Introduction
As AI technology continues to evolve, deploying large language models (LLMs) like Meta's Llama 3, Google's Gemma, and Mistral on local systems provides unmatched benefits in terms of data privacy and customization. Self-hosting these models and enabling secure online access unlocks even greater possibilities, whether for developers showcasing prototypes, researchers collaborating remotely, or businesses integrating AI into customer-facing applications.
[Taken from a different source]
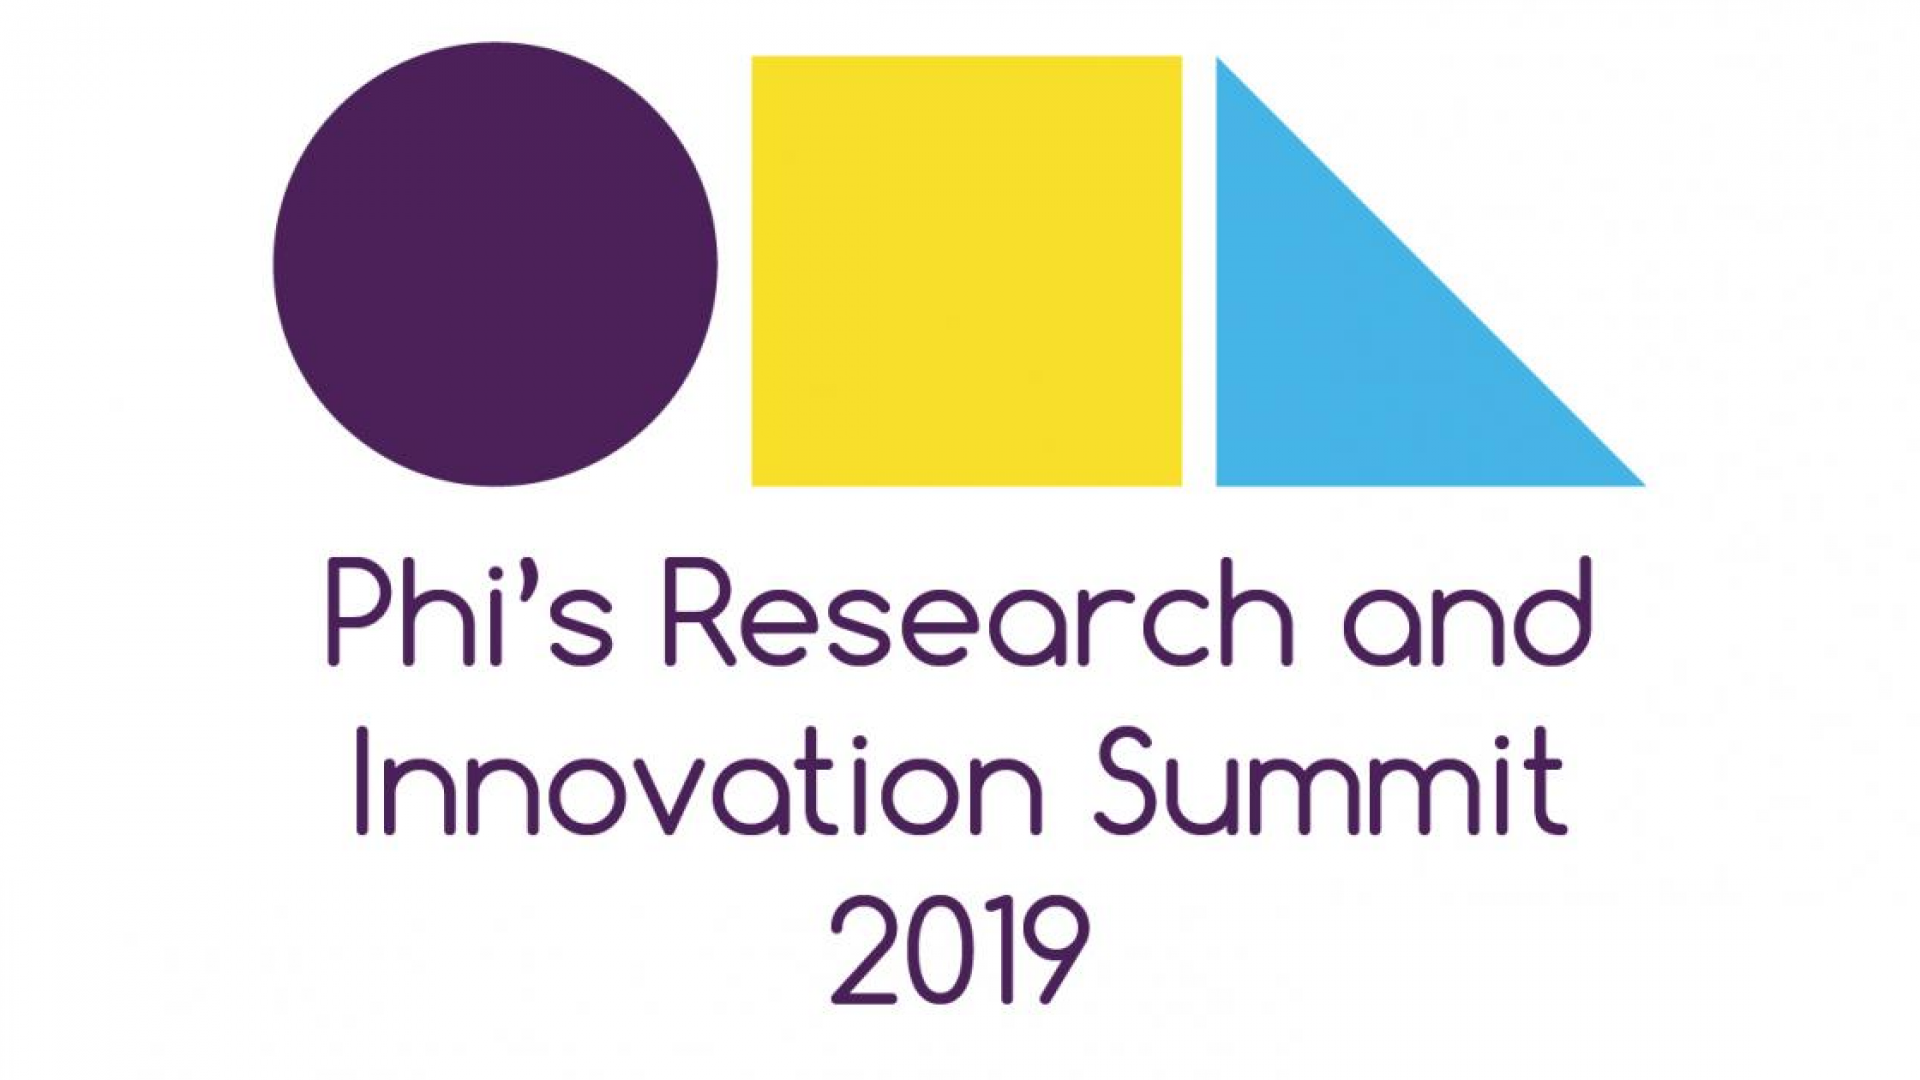 Phis Research and Innovation Summit logo

This guide offers detailed instructions on securely sharing Ollama’s API and Open WebUI online using Pinggy, a straightforward tunneling service. Discover how to effortlessly make your local AI environment accessible globally without relying on cloud infrastructure or dealing with complicated configurations.
Summary of the Steps:
Install Ollama & Download a Model:
- Get Ollama from ollama.com and run a model:
ollama run llama3:8b
Deploy Open WebUI
- Run via Docker
docker run -d -p 3000:8080 --add-host=host.docker.internal:host-gateway ghcr.io/open-webui/open-webui:main
Expose WebUI Online
- Tunnel port
3000
:
- Tunnel port
ssh -p 443 -R0:localhost:3000 a.pinggy.io
Share the generated URL for ChatGPT-like access to your LLMs.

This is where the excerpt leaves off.